UNITED STATES
SECURITIES AND EXCHANGE COMMISSION
Washington, D.C. 20549
FORM 8-K
CURRENT REPORT
Pursuant to Section 13 OR 15(d)
of The Securities Exchange Act of 1934
Date of Report (Date of earliest event reported): June 12, 2013
TAKE-TWO INTERACTIVE SOFTWARE, INC.
(Exact name of registrant as specified in its charter)
Delaware | 0-29230 | 51-0350842 | ||
(State or other jurisdiction of incorporation) | (Commission File Number) | (IRS Employer Identification No.) | ||
622 Broadway, New York, New York | 10012 | |||
(Address of principal executive offices) | (Zip Code) |
Registrant’s telephone number, including area code (646) 536-2842
(Former name or former address, if changed since last report.)
Check the appropriate box below if the Form 8-K filing is intended to simultaneously satisfy the filing obligation of the registrant under any of the following provisions (see General Instruction A.2. below):
¨ | Written communications pursuant to Rule 425 under the Securities Act (17 CFR 230.425) |
¨ | Soliciting material pursuant to Rule 14a-12 under the Exchange Act (17 CFR 240.14a-12) |
¨ | Pre-commencement communications pursuant to Rule 14d-2(b) under the Exchange Act (17 CFR 240.14d-2(b)) |
¨ | Pre-commencement communications pursuant to Rule 13e-4(c) under the Exchange Act (17 CFR 240.13e-4(c)) |
Item 1.02 | Termination of a Material Definitive Agreement |
As previously reported, on May 28, 2009, the Company entered into (i) convertible note hedge transactions in connection with the offering of up to $120,000,000 aggregate principal amount of 4.375% Senior Convertible Notes Due 2014 (the “Underwritten Notes”) with each of JPMorgan Chase Bank, National Association and Barclays Bank PLC (together, the “Hedge Counterparties”) and (ii) warrant transactions in connection with the Underwritten Notes with each of the Hedge Counterparties. In connection with the exercise of the option in respect of an additional $18,000,000 aggregate principal amount of such 4.375% Senior Convertible Notes Due 2014 (the “Option Notes” and, together with the Underwritten Notes, the “Notes”), on May 29, 2009 the Company entered into (iii) additional convertible note hedge transactions with each of the Hedge Counterparties and (iv) additional warrant transactions with each of the Hedge Counterparties. The transactions referenced in clauses (i) and (iii) are referred to herein as the “Convertible Note Hedge Transactions” and the transactions referenced in clauses (ii) and (iv) are referred to herein as the “Warrant Transactions.”
The Convertible Note Hedge Transactions involve the Company purchasing call options from the Hedge Counterparties, and the Warrant Transactions involve the Company selling call options to the Hedge Counterparties with a higher strike price than the purchased call options.

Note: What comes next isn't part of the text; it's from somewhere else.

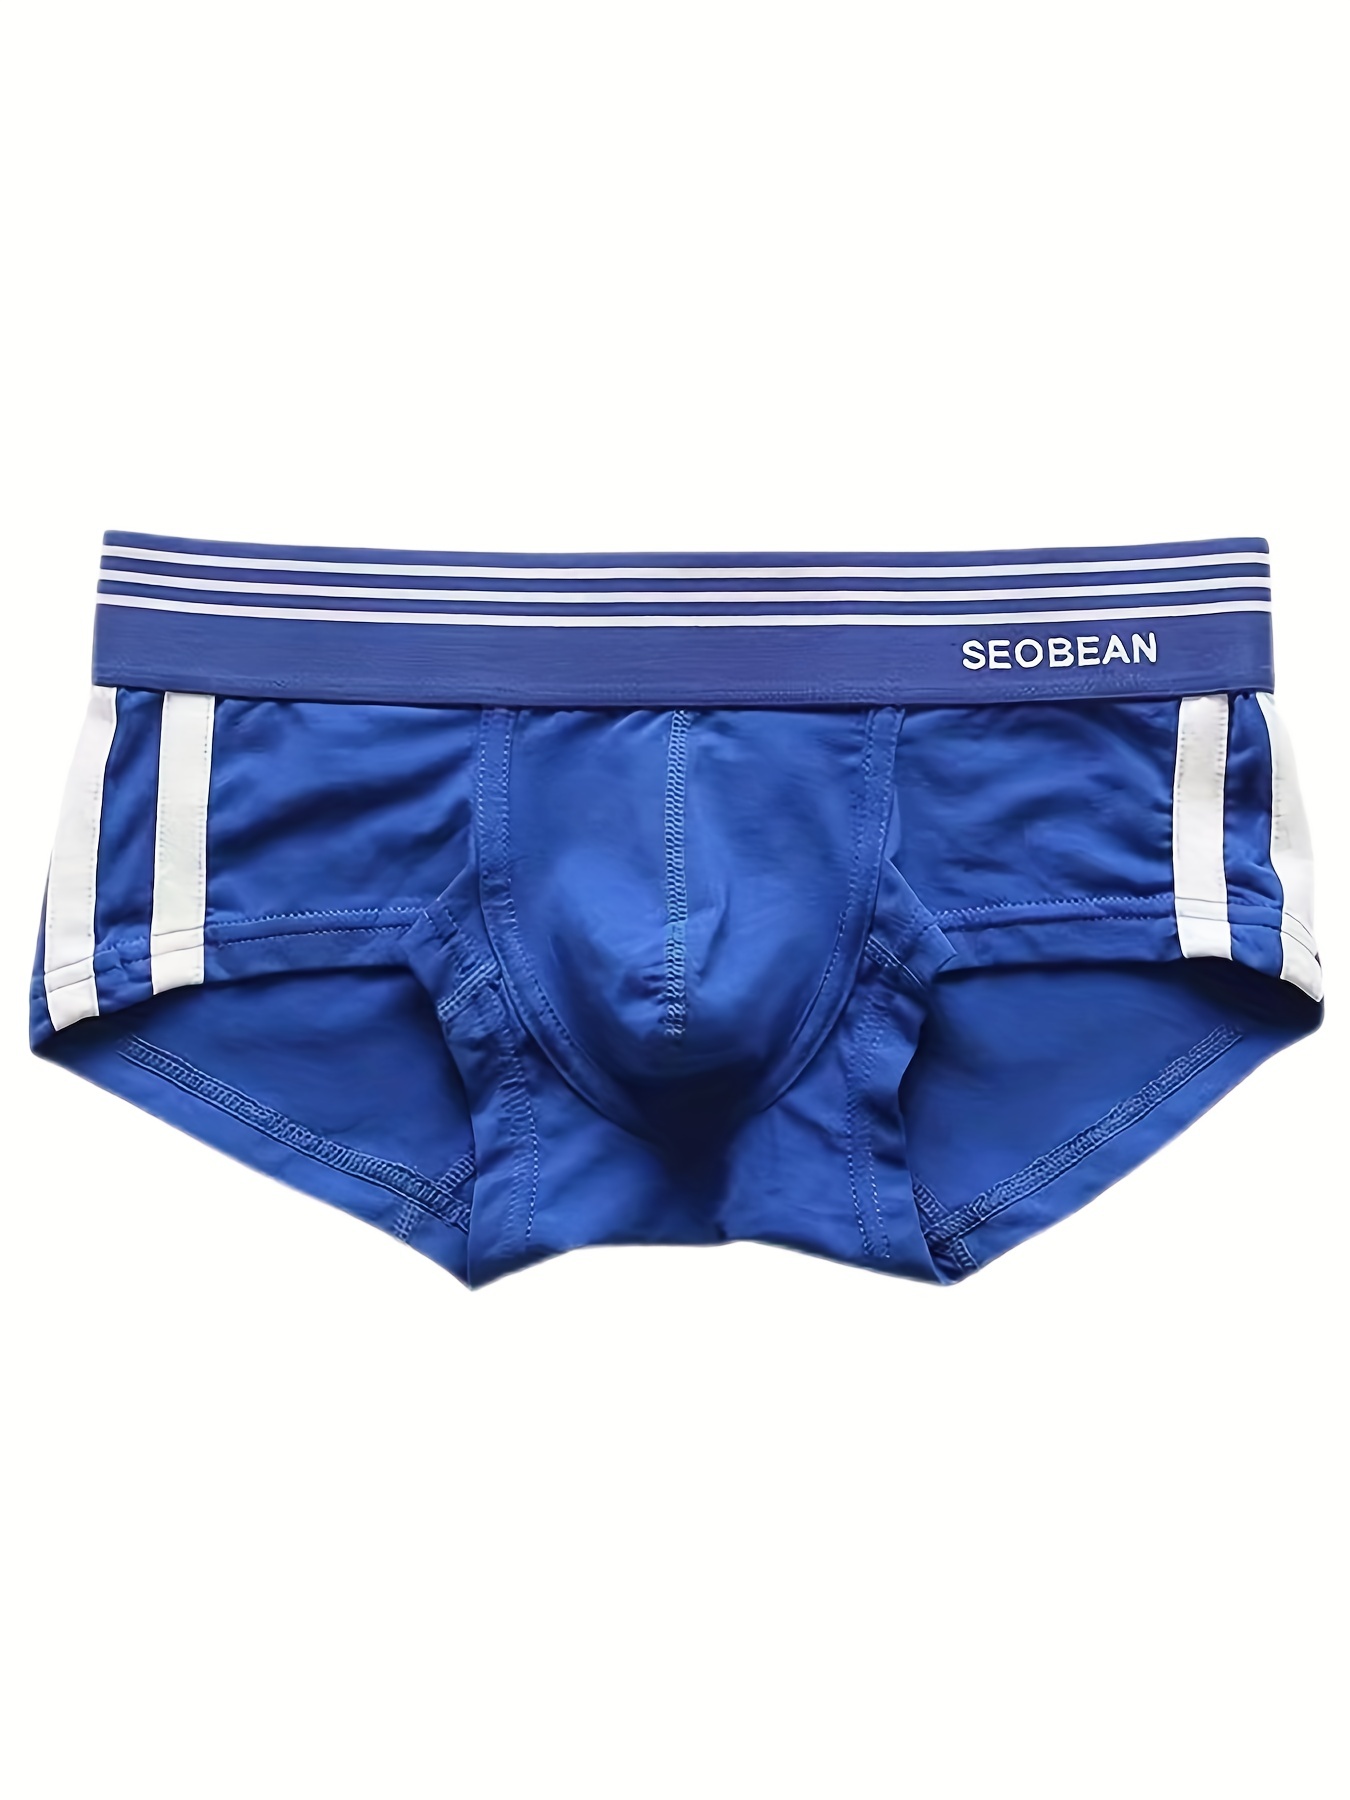 Men's Low-rise Sexy Comfy Boxer Briefs Pouch Shorts Trunks Underwear  Underpants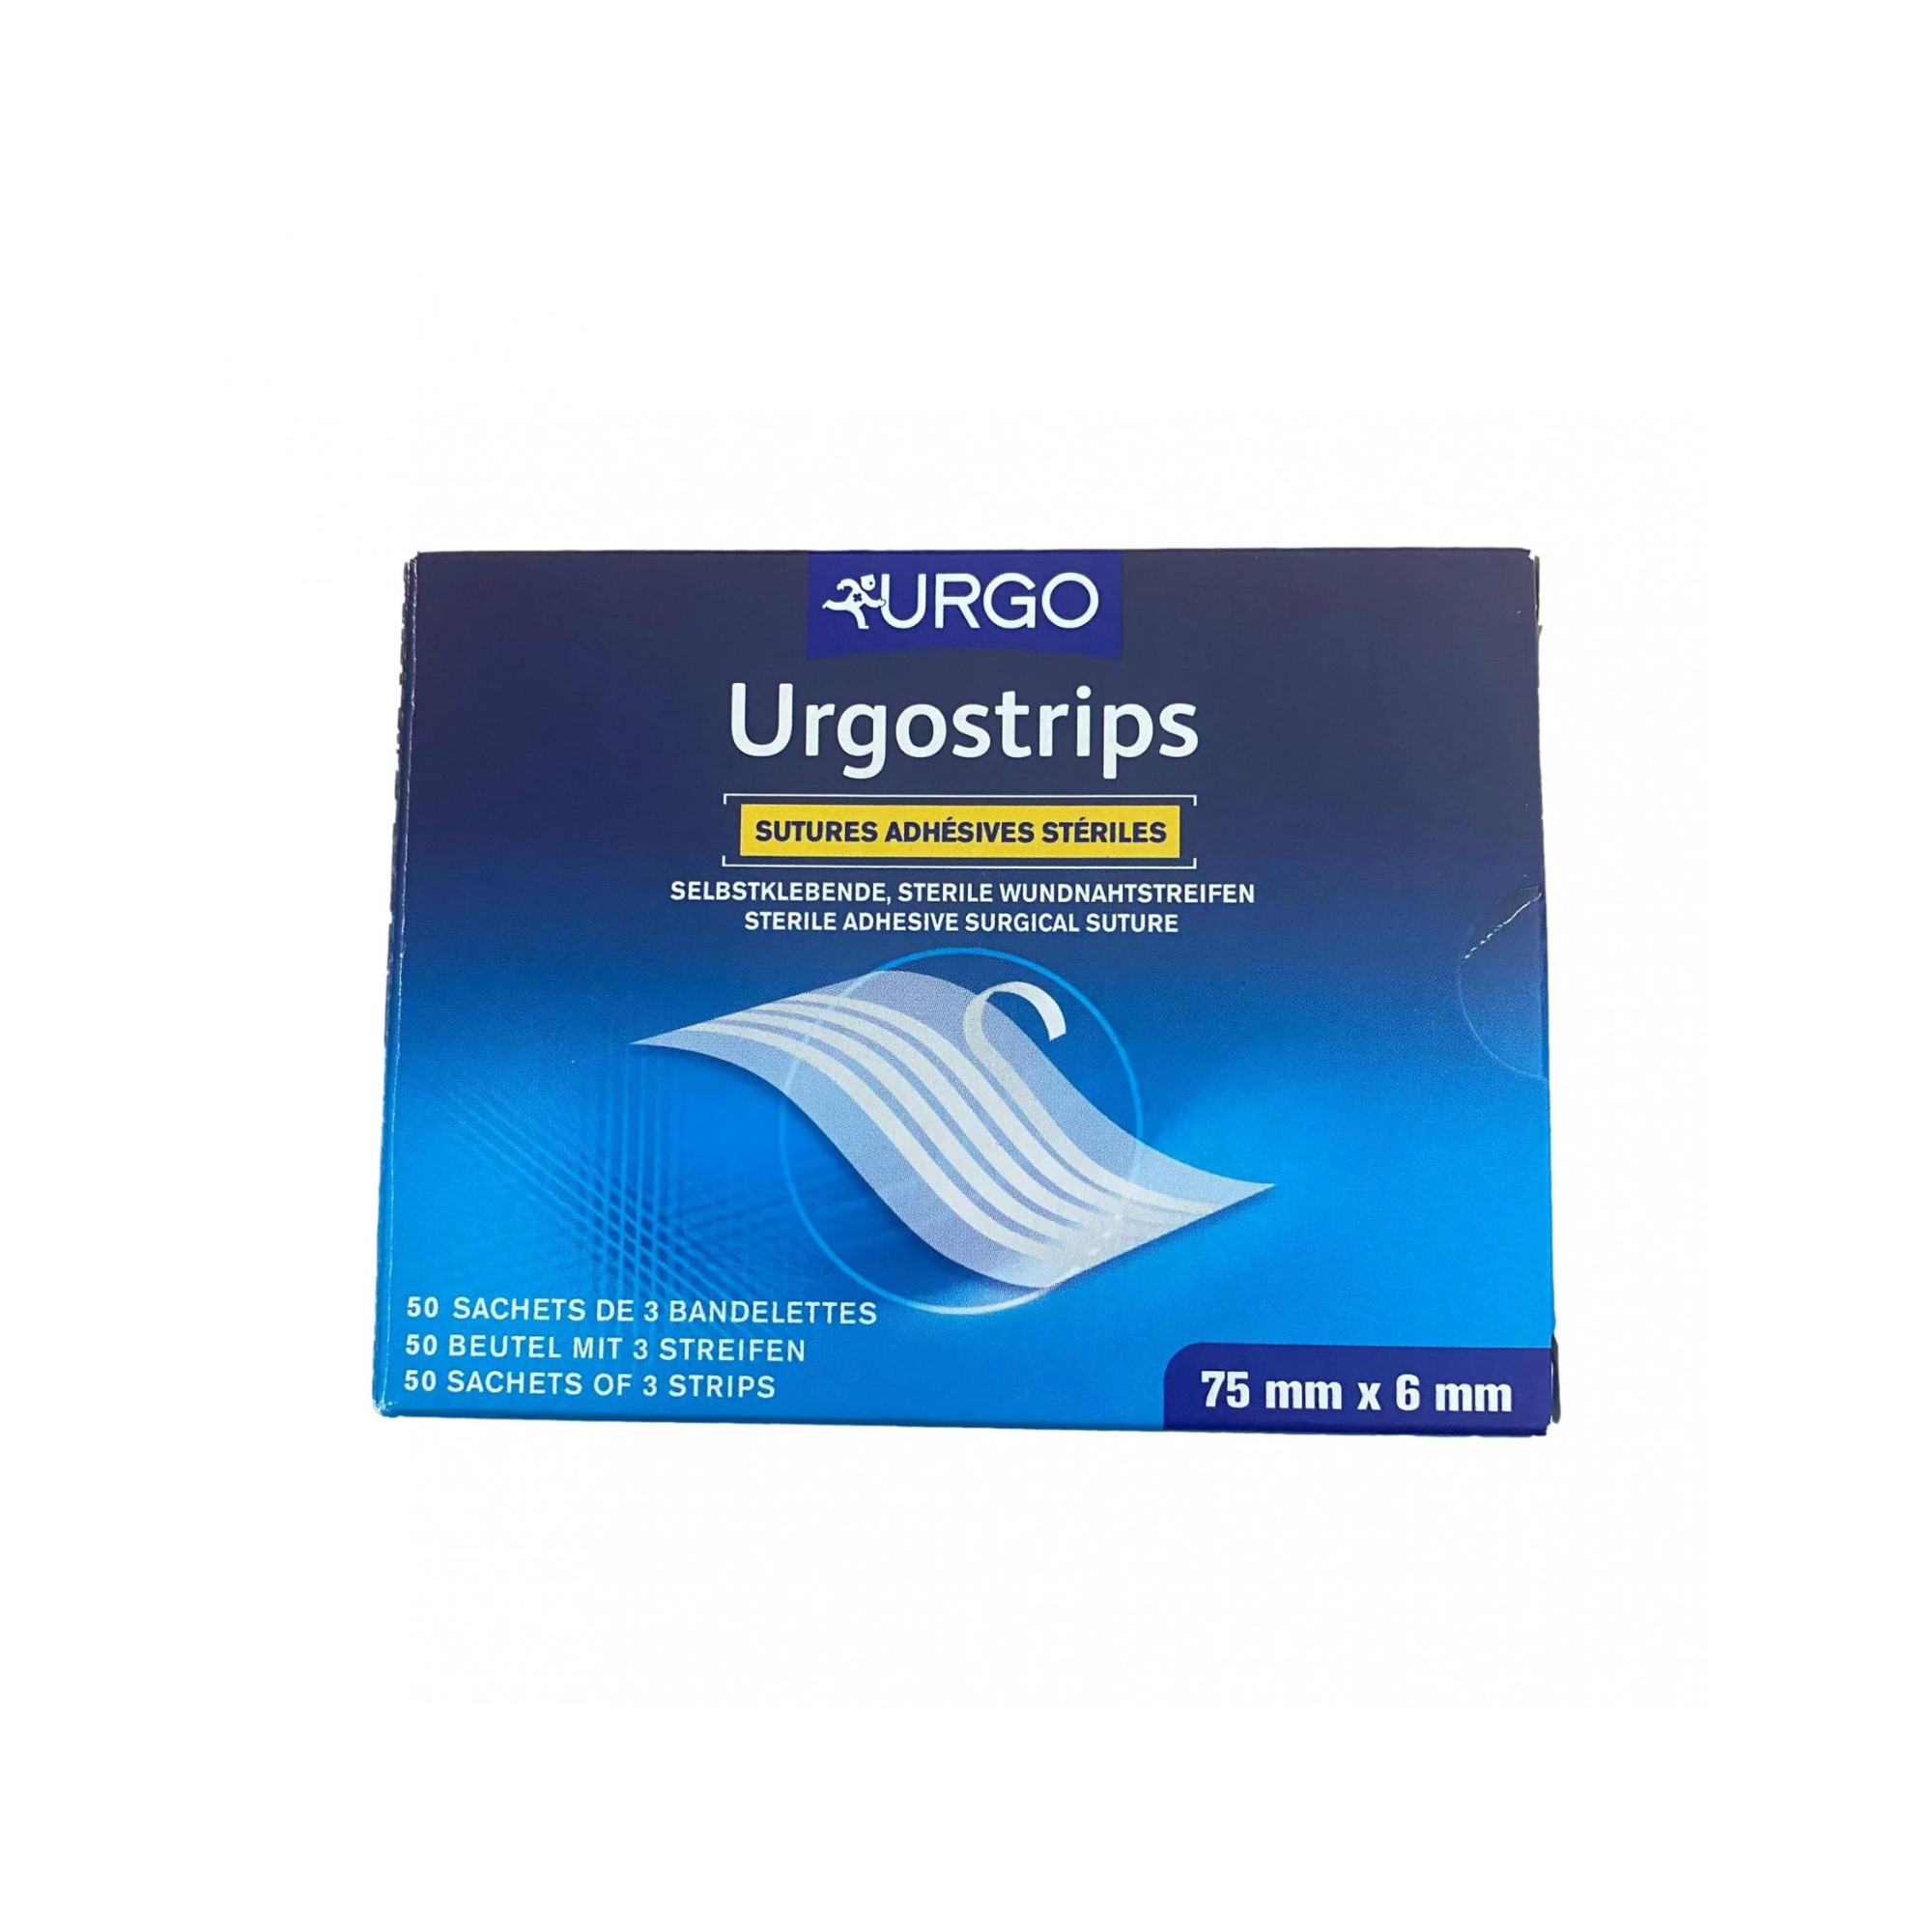 Boite de 50 sachets de sutures chirurgicales adhésives stériles - UrgoStrips - Urgo

On June 12, 2013, the Company entered into Unwind Agreements with respect to the Convertible Note Hedge Transactions and Unwind Agreements with respect to the Warrant Transactions with each of the Hedge Counterparties (collectively, the “Unwind Agreements”). Pursuant to the terms of the Unwind Agreements, and in connection with the Company’s issuance of a notice of redemption for all the Notes, the Company has the right to deliver a notice to the Hedge Counterparties, prior to the redemption date set forth in such redemption notice, designating an early termination date for the Convertible Note Hedge Transactions and Warrant Transactions. The Hedge Counterparties will owe a cash payment to the Company as a result of the early termination of the Convertible Note Hedge Transactions that will be calculated based on its current fair market value. The Company will owe a cash payment to the Hedge Counterparties, as applicable, as a result of the early termination of the Warrant Transactions that will be calculated based on its current fair market value.
The Unwind Agreement with respect to the Convertible Note Hedge Confirmations, dated as of June 12, 2013, between the Company and JPMorgan Chase Bank, National Association, London Branch, is filed as Exhibit 99.1 to this Current Report and is incorporated herein by reference as if set forth in full.
The Unwind Agreement with respect to the Warrant Confirmations, dated as of June 12, 2013, between the Company and JPMorgan Chase Bank, National Association, London Branch, is filed as Exhibit 99.2 to this Current Report and is incorporated herein by reference as if set forth in full.
The Unwind Agreement with respect to the Convertible Note Hedge Confirmations, dated as of June 12, 2013, between the Company and Barclays Bank PLC, is filed as Exhibit 99.3 to this Current Report and is incorporated herein by reference as if set forth in full.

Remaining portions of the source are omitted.